Of course, the situation changes when you've got thousands of servers.
The web frontend could just be a static list of your contacts, with ajaxy grabbing the tweets from each. This way, you could cache each users tweets and avoid the issue of each user's page being different.
> SUN, IBM, Oracle or any other respected consultant
Are you implying that Sun, IBM, and Oracle are respected for the prowess of their consulting organizations? I'm sure they have some Fine People working there, however the view that "writing a seven-figure cheque to these companies guarantees a positive outcome" is not universally held.

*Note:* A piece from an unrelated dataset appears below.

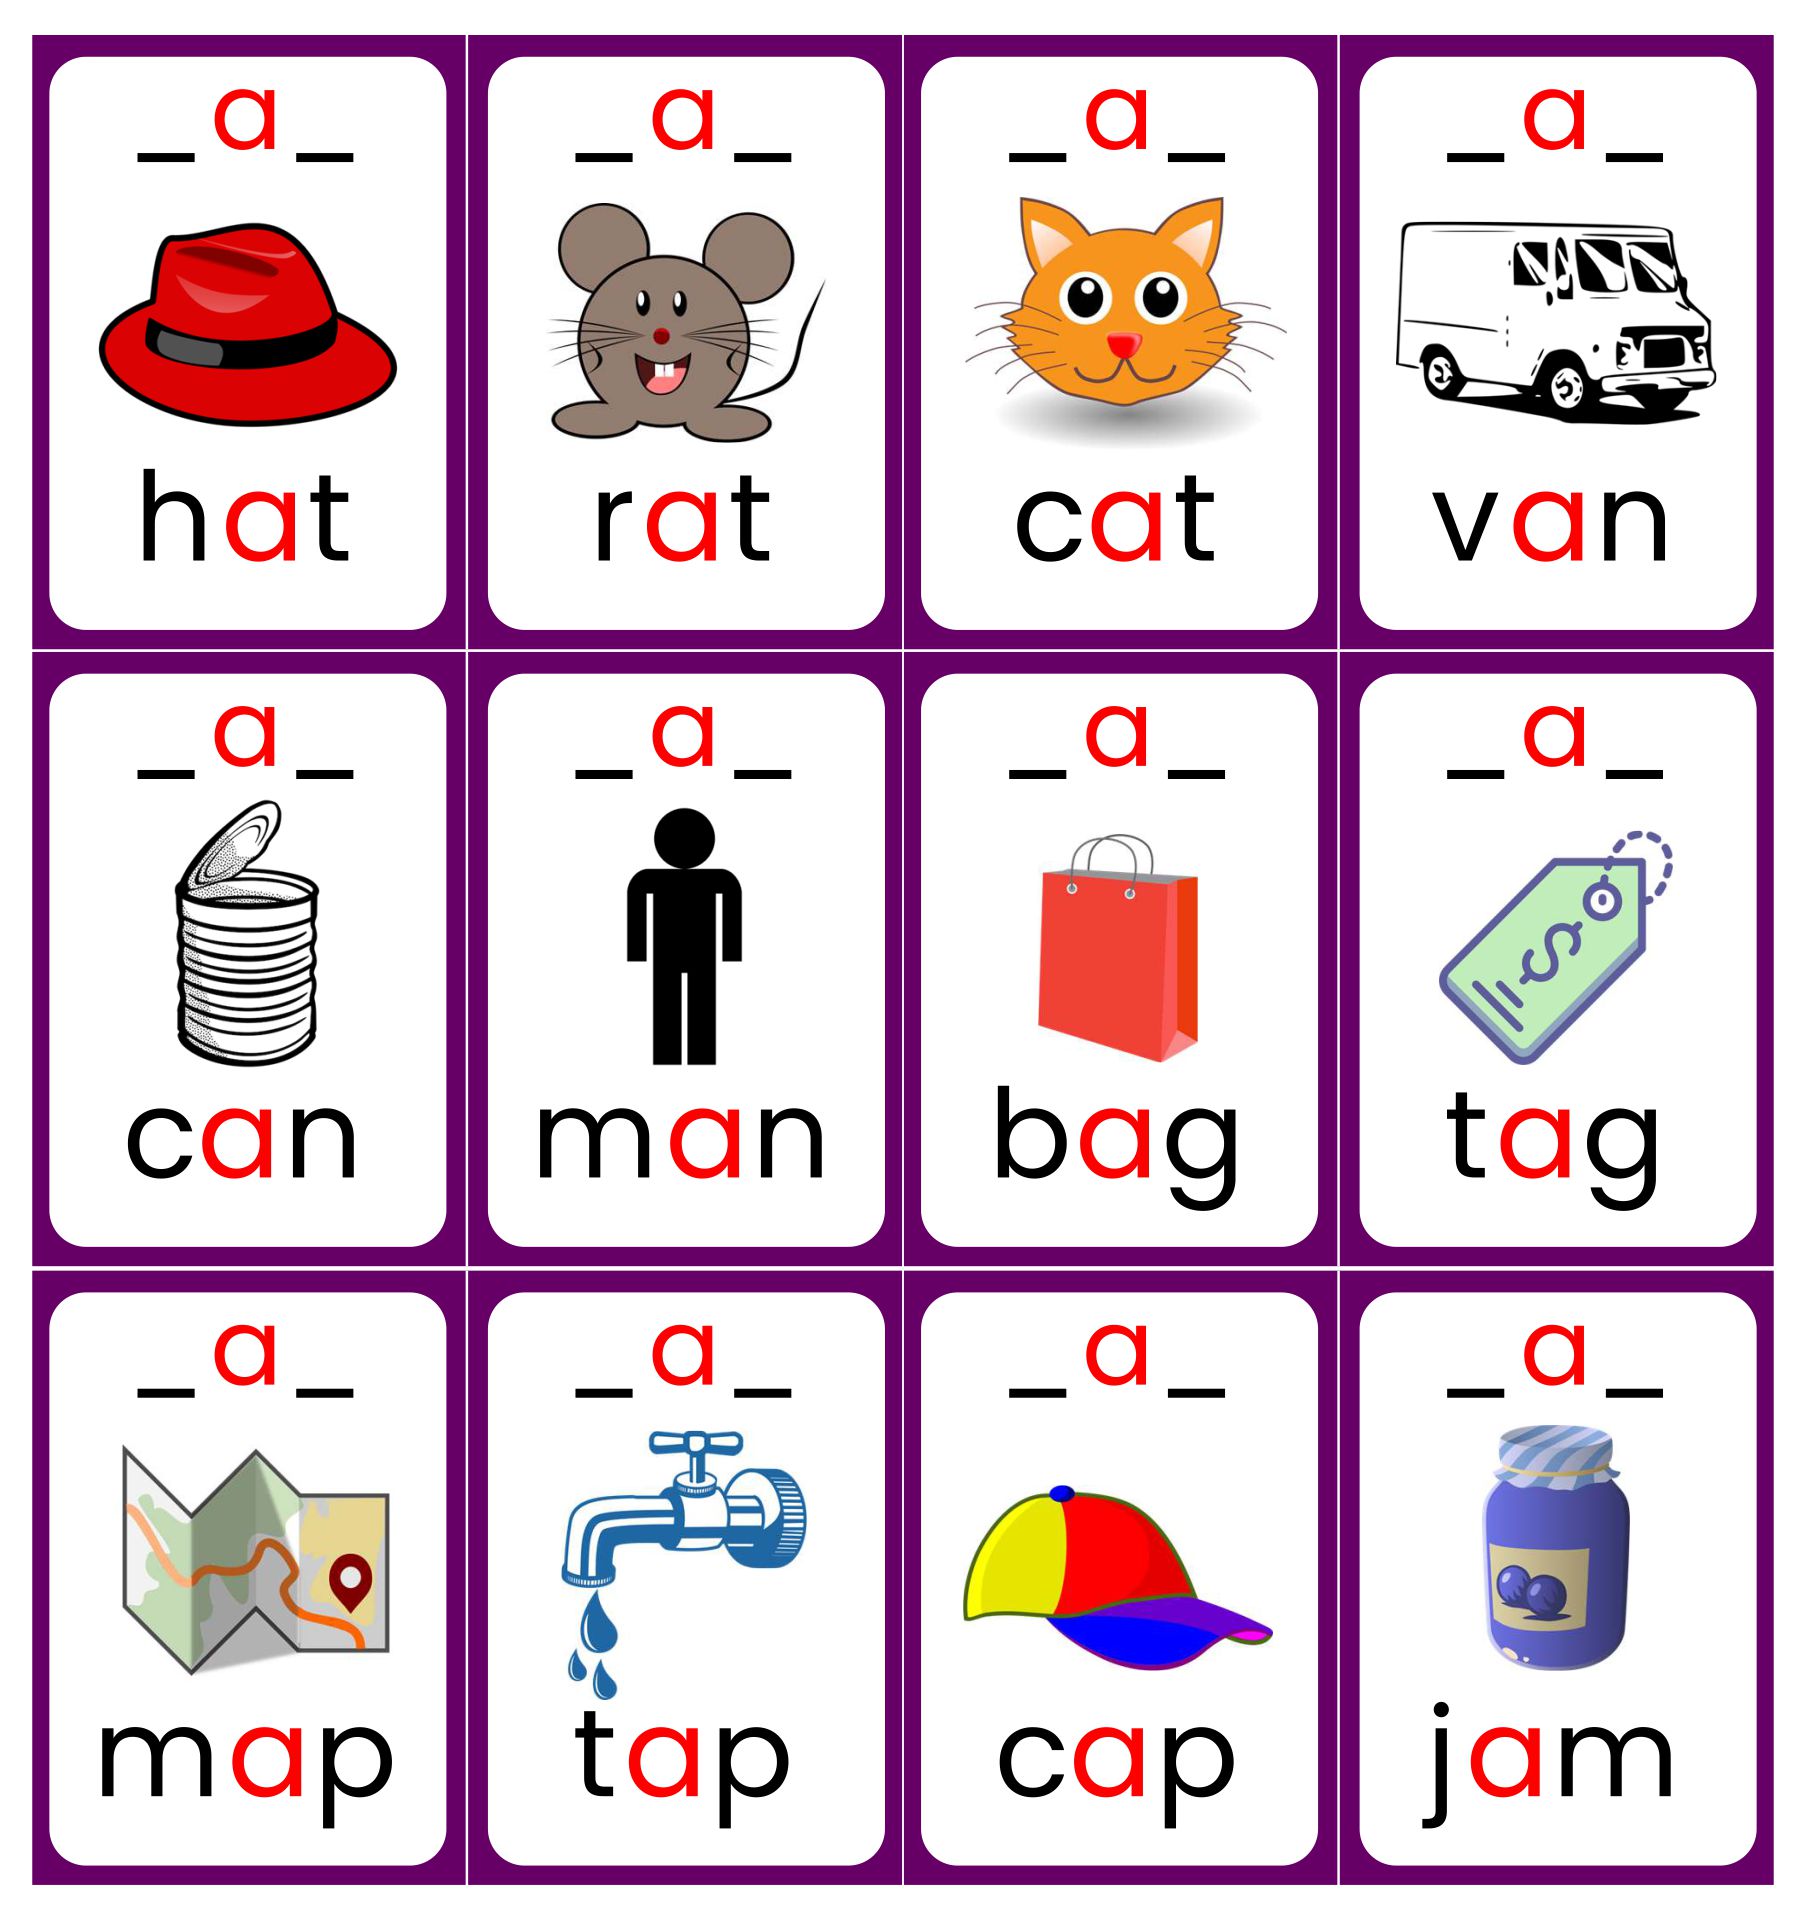 alphabet-flash-cards-printable-05-06-2013-there-are-some-ways-to-use-alphabet-flash-cards-to

Unless you know what you need to scale to, you can't even begin to talk about scalability. How many users do you want your system to handle? A thousand? Hundred thousand? Ten million? Here's a hint: the system you design to handle a quarter million users is going to be different from the system you design to handle ten million users.
If he can't scale a simple message passing system, what can he scale then? It's not that they are doing rocket science at twitter. He probably was the wrong person for the job.
In the good old days, every message over ICQ was sent over their servers, and they probably had more messages to handle than twitter does nowadays. And there wasn't a single problem then.
Not thinking long about it (5 minutes), but this is how I would do it: Not going muhc into detail (I don't use twitter, just had a quick look at it).
1) 1 replicated system where you can fetch messages by id (complete body with who sent it, to whom, time, etc...)
2) User page: list of ids....
3) Private messages: list of ids...
4) When a new message comes in, write it to a queue. Process those ids and append the ids to the different pages. Multiple processes doing this (each process has a subset of users with the complete list of people following those users). One could add another layer to do bulk inserts.
Could be easily done in Memcachedb. One page view takes x + 1 memcachedb requests (x number of items on page). One can still optimze this by caching (static html pages which are deleted when a page is updated for a user). When inserting, replace existing data by adding the ids.
Everything is nicely seperated. (Eg pages for user 1-10000 are on server 1, etc... Messages can be nicely sperated as well).
Any thoughts on this? To twitter: hire me not him ;)
i think the problem with twitter is that they did not use a real time architecture, like email, irc, or some other messaging platform. instead i think they write each page dynamically off of a db call based on who subscribed where. ie, you would have to start from scratch to scale it. i think the problem is that now that twitter, let the cat out of the bag, they are now chasing problems on an old architecture, and trying to scale that, while also trying to build a new version. it suppose its like running two tech companies.
http://romeda.org/blog/2008/05/scalability.html#140141155247...
"Scaling Twitter as a messaging platform is pretty easy. See Mickaël Rémond's post on the subject. Scaling the archival, and massive infrastructure concerns (think billions of authenticated polling requests per month) are not, no matter what platform you're on. Particularly when you need to take complex privacy concerns into account."
Sounds like they are having the kinds of problems that Friendster had years back.
How come sites like MySpace don't have these issues? They also seem to have a pretty complex social graph.